Scalability and performance


Suppose I have a Non-Graphical application (say FFT of 10000 data points) that I wrote on 8800GT. I got X times speed-up compared to optimized CPU code.

In which of the following cases I will get speed up more than X times:

1- Running the same code (without any modifications) on a GPU with more cores than in 8800GT, such as GTX200 series Tesla

2- Running the same code (without any modifications) on two GPUs in SLI mode (two 128 core GPUs).

And by the way what will happen in case my application were Graphical, rendering etc?

I just need a short answer to verify my understanding.

Thanks in advance for your time!

Probably option 1, but only because option 2 is impossible. CUDA doesn’t work with SLI and it isn’t a magical path to multi-gpu. If you want multi-gpu, you have to explicitly program it.

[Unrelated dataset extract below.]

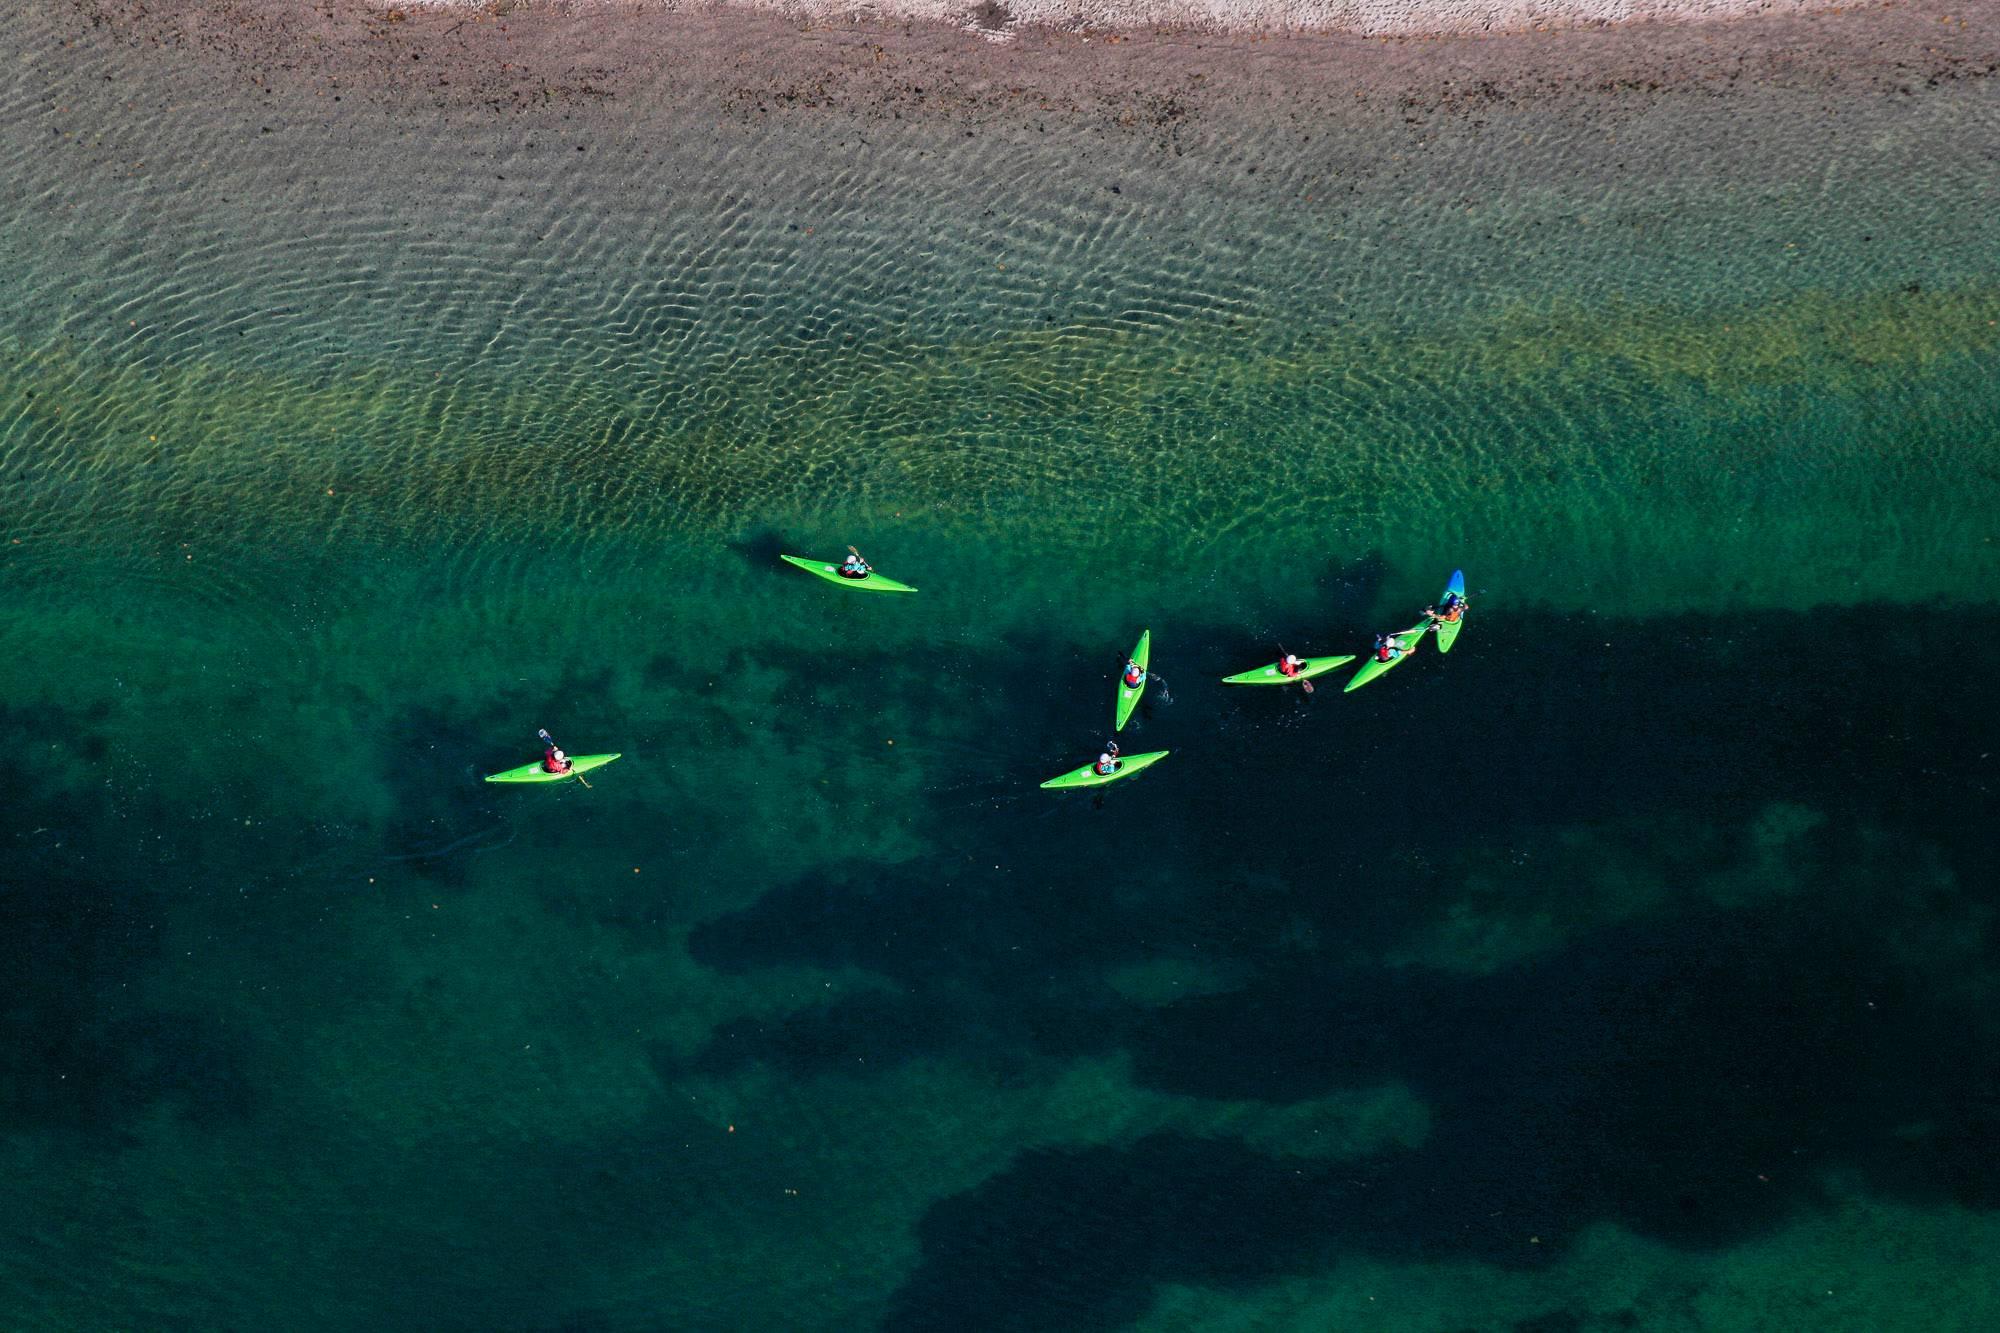 Green kayaks

Neither of those is necessarily true. Your app will scale if you programmed it appropriately (isn’t PCIe limited, will fill the new machine appropriately, etc.). If you have a kernel that takes M amount of time on an N SM part, you have W blocks where W >> N, and your performance is bottlenecked on actual computation (or DRAM bandwidth), yes, it will scale on a larger part with more than N SMs and more memory bandwidth to run for some time less than M.

Thankfully, fulfilling these obligations in CUDA is generally really easy to do.